Gli ziti alla genovese dello chef Stefano De Gregorio

Ah, la genovese, quel sugo che di Genova sa poco e niente, ma di Napoli e di buongustai, tanto. La genovese, come spesso abbiamo avuto modo di approfondire, non è un modo alternativo di chiamare il tradizionale pesto ligure, quello fatto con basilico e pinoli, ma il nome del classico ragù napoletano fatto con carne di vitello (taglio di prima scelta!) e cipolle (una quantità inaudita). Nota bene: il ragù napoletano ha una particolarità: che non si fa col trito di carne, ma con un pezzo intero di carne di vitello che si lascia cuocere fino a che non si sfalda in un tenerissimo sugo che si scioglie, letteralmente, in bocca.

sugo alla genovese

Oggi, insieme allo chef Stefano De Gregorio, abbiamo deciso di proporne un’altra versione, la sua, dello chef. Ché di ricette di pasta alla genovese ce ne sono tante quante sono le famiglie che la preparano, così come si confà a una ricetta tipica che fa parte della tradizione culinaria napoletana almeno dal 1600.

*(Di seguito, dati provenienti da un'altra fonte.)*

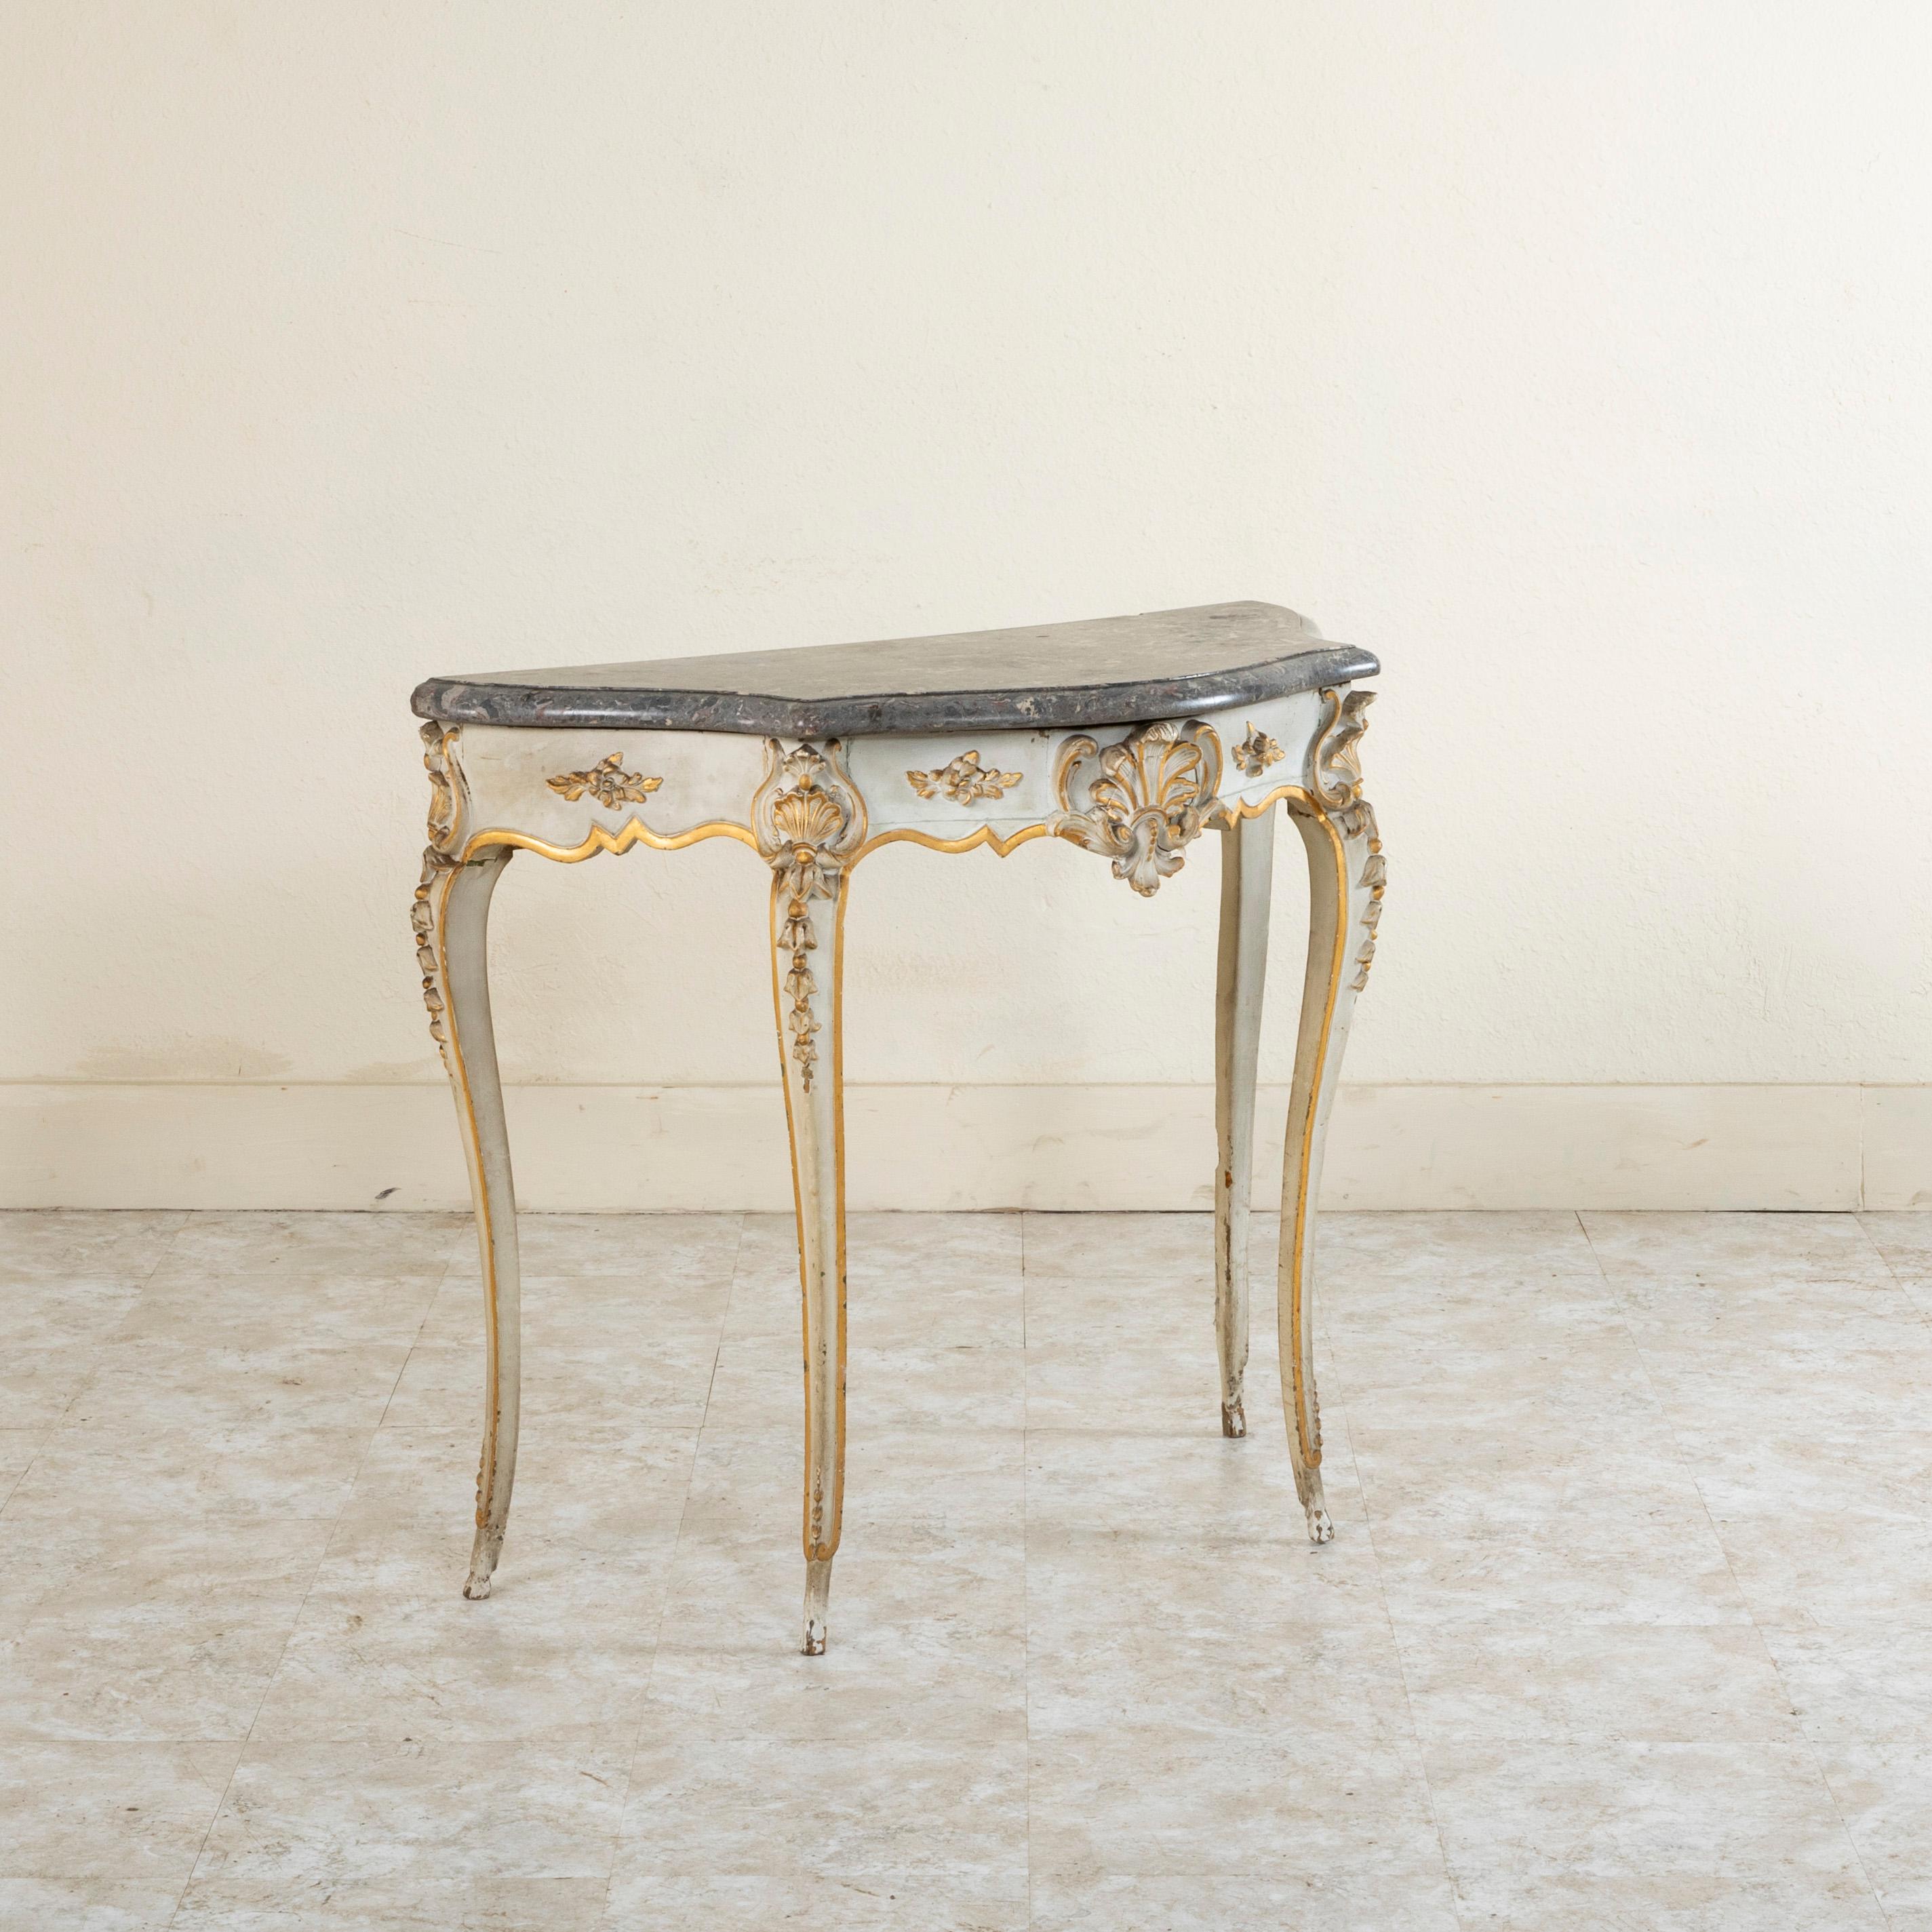 Diese Mitte des neunzehnten Jahrhunderts Französisch Louis XV Stil gemalt Konsole Tisch verfügt über eine abgeschrägte Marmorplatte. Diese Konsole ist in einem grauen Weiß mit goldenen Akzenten lackiert und hat eine handgeschnitzte Muschel in der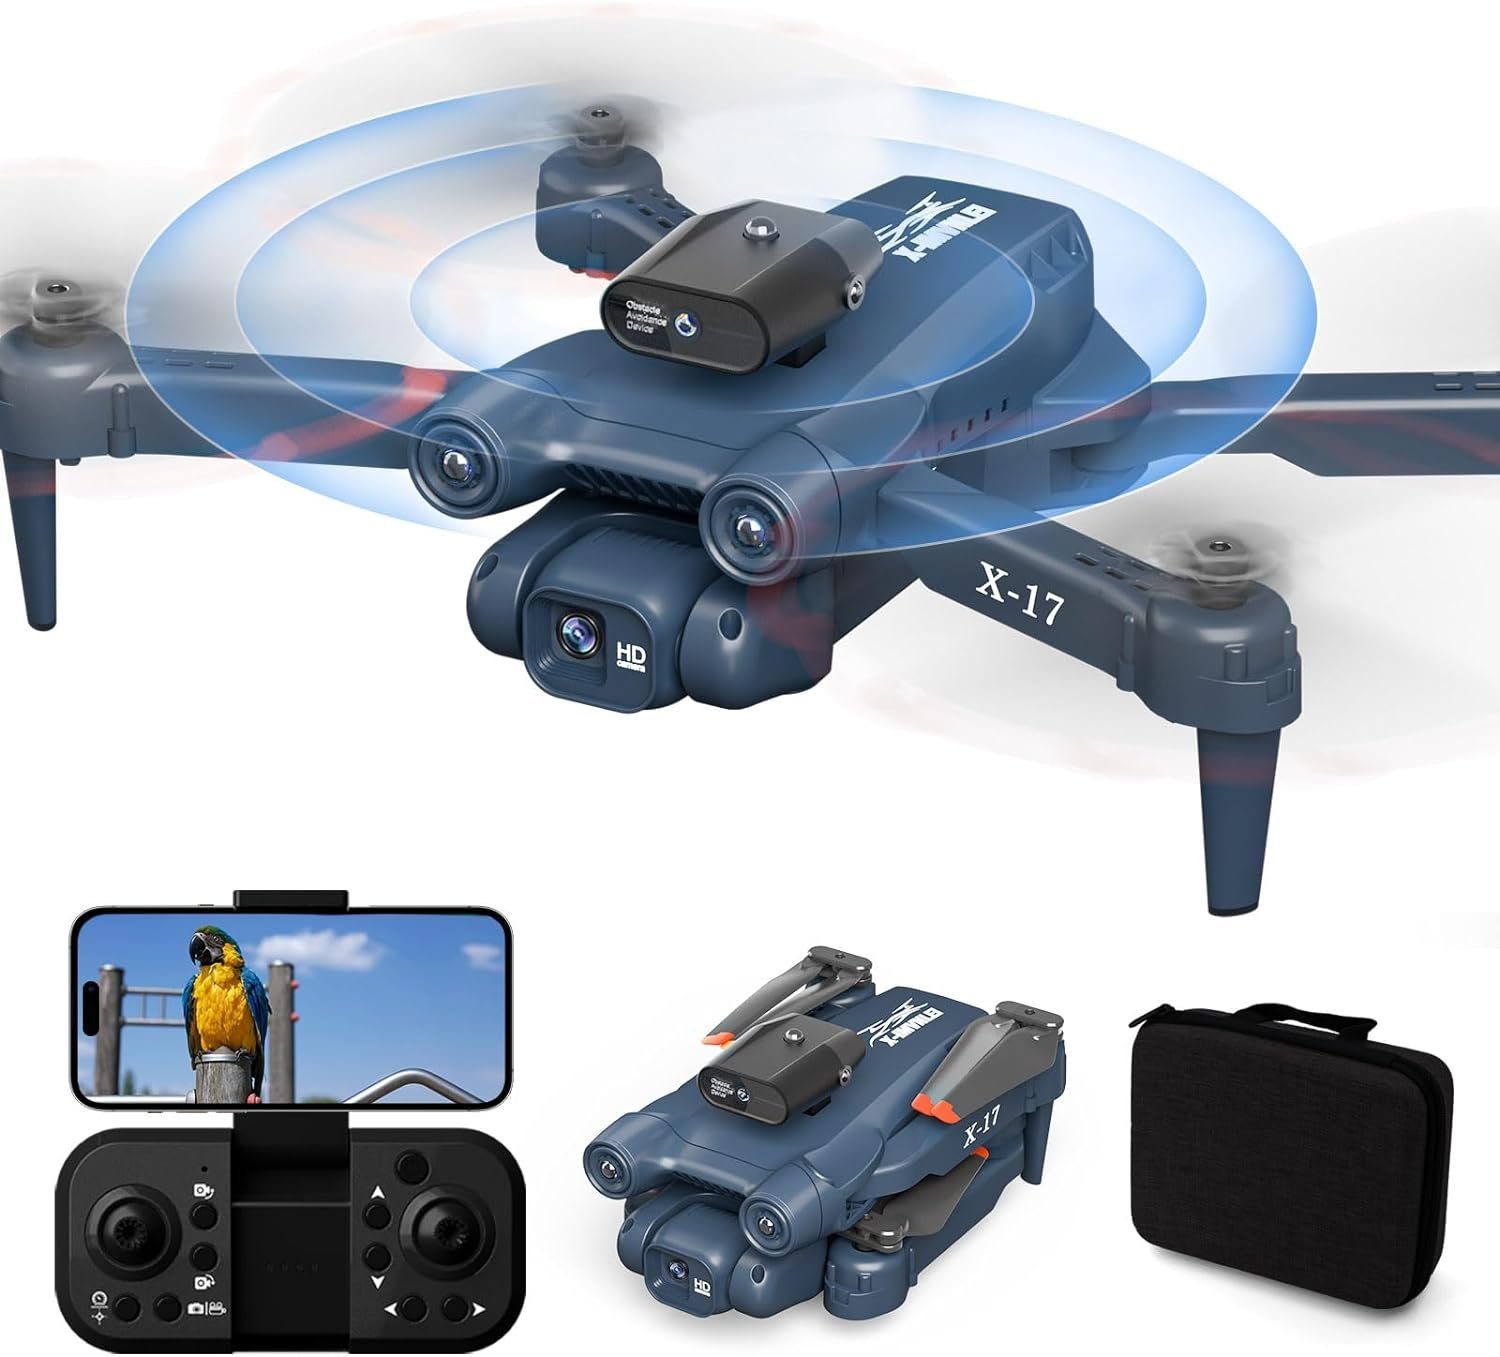 Schwerkraft) Faltbare X-IMVNLEI Drohne Anfänger WiFi für FPV Quadcopter (1080p, Erwachsene und

La genovese è un sugo che, in realtà, ha una ricetta molto semplice: pochi passaggi, pochi ingredienti. Solo carne di vitello, cipolle, trito per il soffritto, olio extravergine, sale e pepe. Vogliamo metterci una foglia di alloro? E mettiamocela.

Da questo punto in poi, parte la ricetta. La prima cosa da fare è preparare il trito per il soffritto: sedano e carota andrà benissimo. Le cipolle ce le teniamo per dopo. A questo punto, si tiene da parte il trito e si inizia con l’operazione più complicata: il taglio delle cipolle. Le cipolle per il sugo alla genovese vanno prese ramate o bianche, ma sono meglio quelle ramate. Sicuramente non vanno bene la cipolla rossa o lo scalogno. Purtroppo per chi cucina, la quantità di cipolle da mettere nella ricetta deve equivalere al doppio, se non di più, del peso della carne. Quindi, tanto per intenderci, se considero un chilo scarso di carne di vitello, i chili di cipolle da aggiungere saranno due.

Una volta sbucciate e affettate finemente le cipolle e versate più lacrime di una chiangimuerti (una di quelle signore assunte per piangere il lutto di qualcun altro ai funerali del Sud), si è pronti per iniziare.

Si fa il soffritto, si mette a rosolare la carne di vitello – che deve essere un taglio pregiato, come lo scamone o il girello – per poi aggiungere le cipolle. Le cipolle si lasciano appassire per un po’, stando attenti ad aggiungere dell’acqua quando si attaccano al fondo della pentola e poi si continuano a cuocere insieme alla carne, per circa tre o quattro ore. Ecco, così, il sugo alla genovese diventa delicatissimo.

L’ultima nota si fa sulla pasta. Quella che si usa tradizionalmente è il formato degli ziti o delle candele napoletane, lunghi tubettoni di pasta che si spezzano a mano seduti tutti intorno al tavolo di cucina. E i residui di pasta che saltano da una parte all’altra quando la si spezza vanno raccolti e messi insieme al resto, per creare una sorta di sughetto in più da raccogliere col pane alla fine.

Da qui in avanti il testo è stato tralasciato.